This is the codebase of our paper "Tailoring Language Generation Models under Total Variation Distance". Most of the experiments are conducted with fairseq commandlines, and our method is implemented in `fairseq/criterions/tailor.py`.

## Synthetic Experiments

To replicate the synthetic experiment, first go to `examples/synthetic`.

The COCO dataset can be downloaded from [here](https://github.com/CR-Gjx/LeakGAN/tree/master/Image%20COCO/save). 

### Preprocess

1. Use the vocabulary file `vocab_cotra.pkl` (load with pickle) to replace the token id in `realtrain_cotra.txt` and `realtest_coco.txt`. 

2. Split the first 5000 lines of `realtrain_cotra.txt ` into the dev set.

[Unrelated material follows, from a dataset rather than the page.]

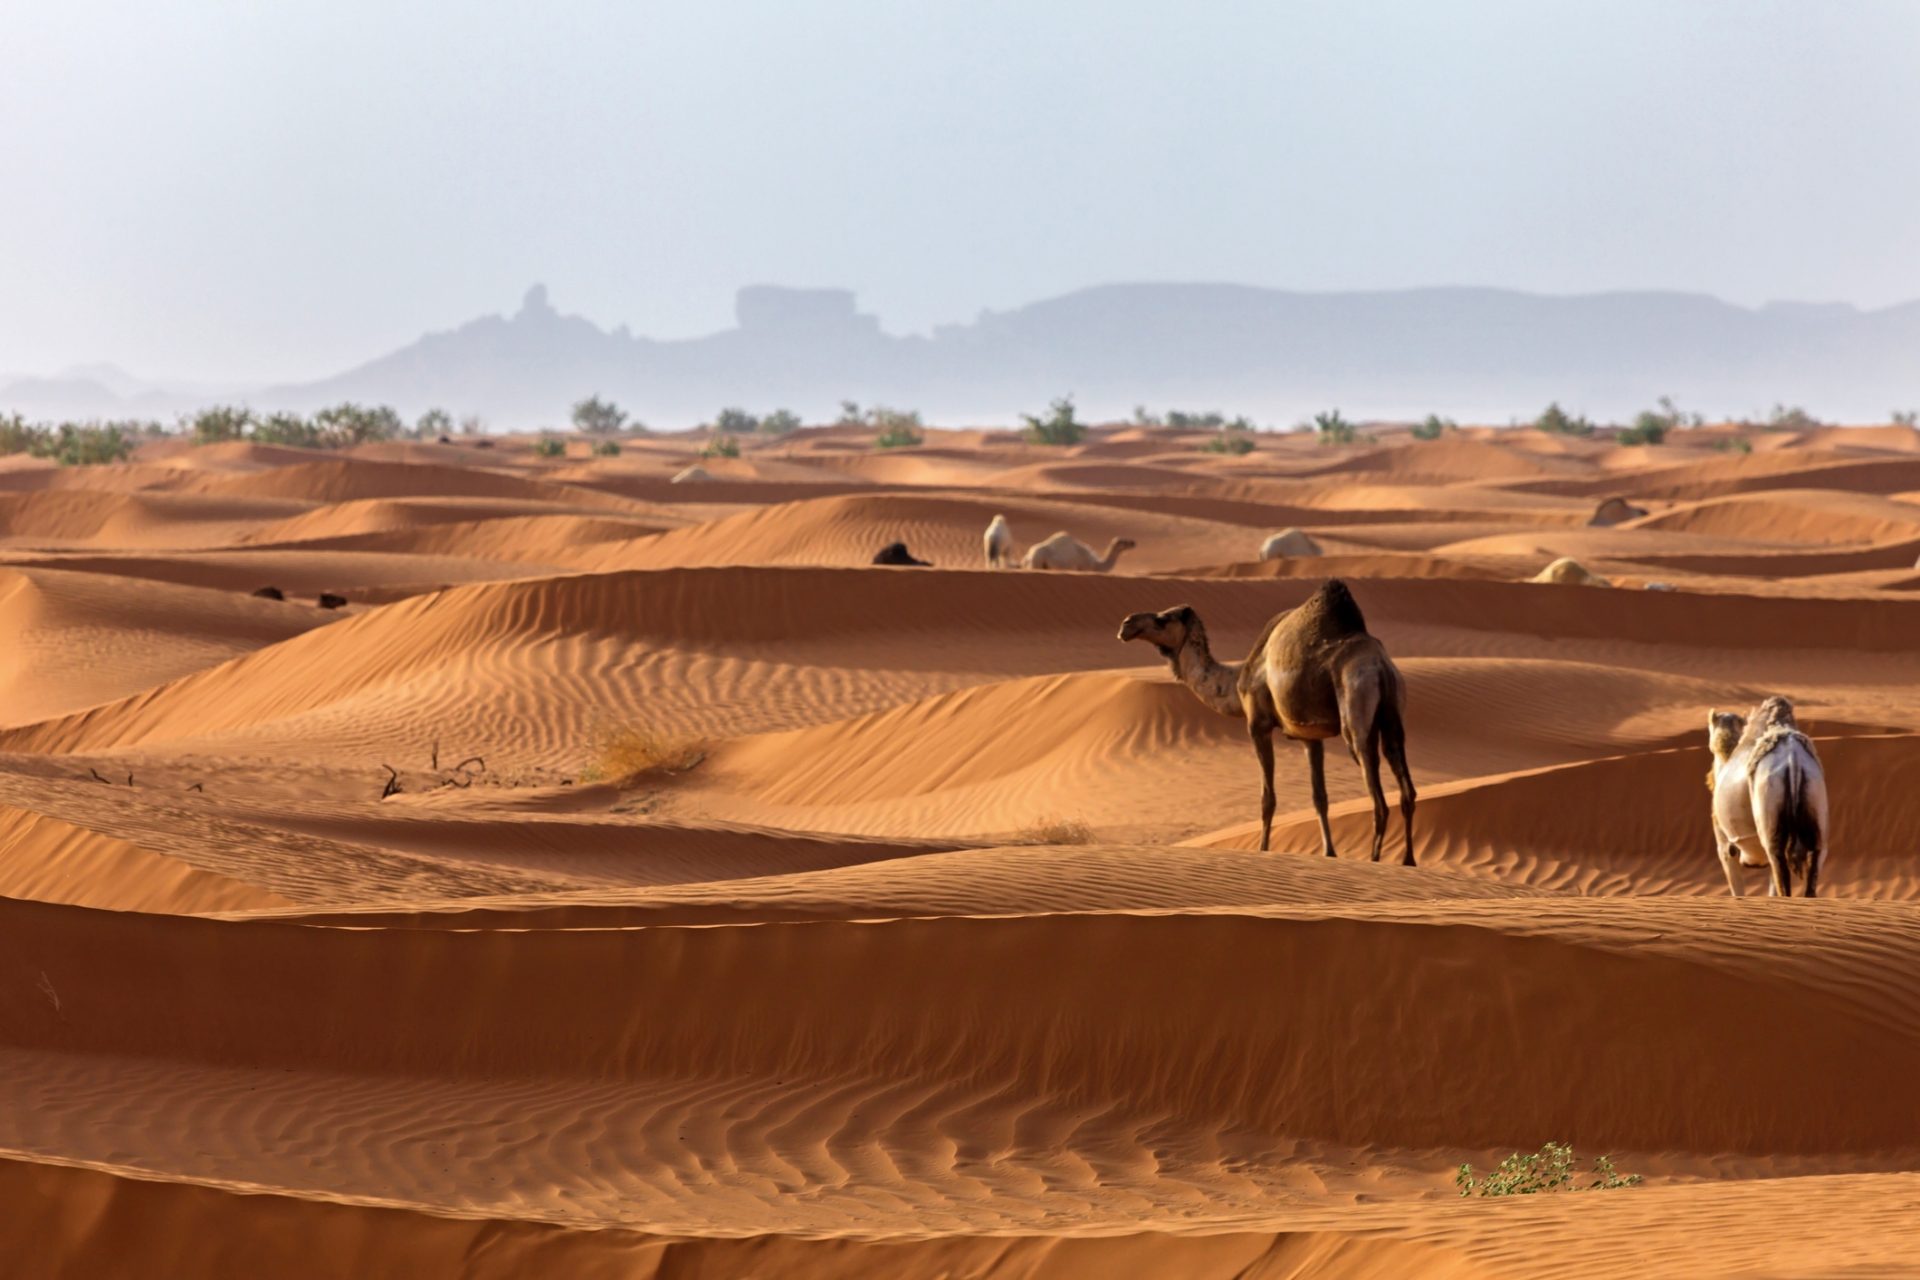 <p><span>『ガーディアン』紙によれば、大量の水を消費するアルファルファの栽培は、ほぼ全土が砂漠からなるサウジアラビアでは2016年に禁止されたという。</span></p>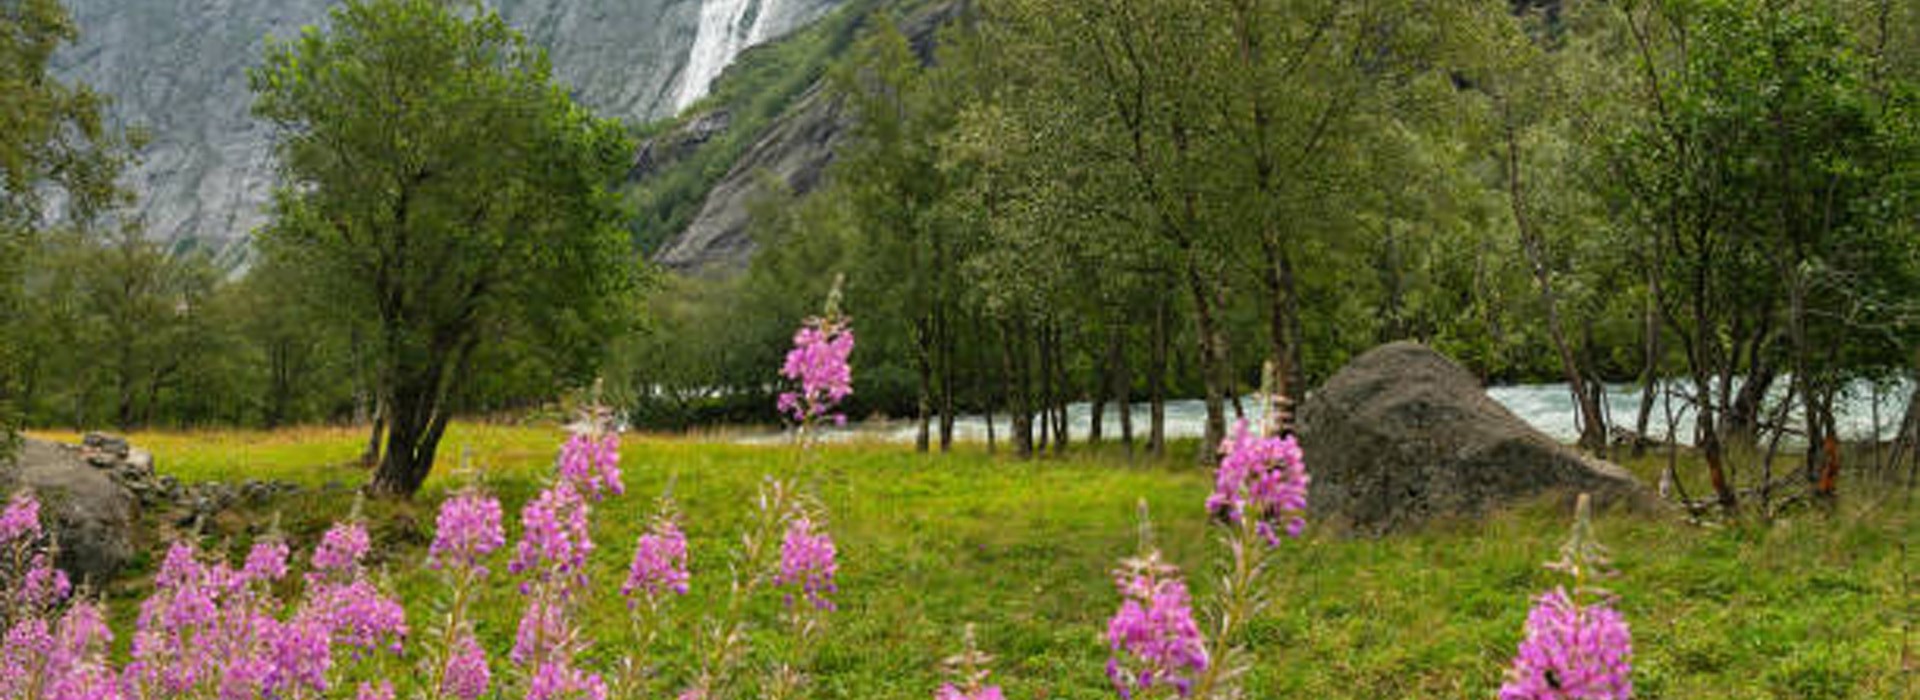 Visiter Le parc national de Jostedal - Norvège

Rename the three files into `train.tgt`, `test.tgt` and `dev.tgt`, and move them to the new directory `data/coco`. 

3. Create three new files containing "<go>" on each line and rename them to `train.src`, `test.src` and `dev.src`. Note that the number of lines in each source file should be the same as the corresponding target file.

4. Preprocess the data by running: `bash binarize.sh data/coco`

	It should generate processed data in `data/coco-bin`.

### Generate Synthetic Data

1. Train the oracle model by running `bash train_oracle.sh`. The model checkpoint is saved in `models/coco-mle-4096-lr1e-3-ep50`.

2. To sample synthetic data from the oracle model, first create the source file following point 3 in Preprocessing, e.g., `data/coco/train.src`. 

3. Then running command: `bash generate.sh models/coco-mle-4096-lr1e-3-ep50 _best train.src 0 data/coco`

	The generated result will be saved as `models/coco-mle-4096-lr1e-3-ep50/train.gen._best`. 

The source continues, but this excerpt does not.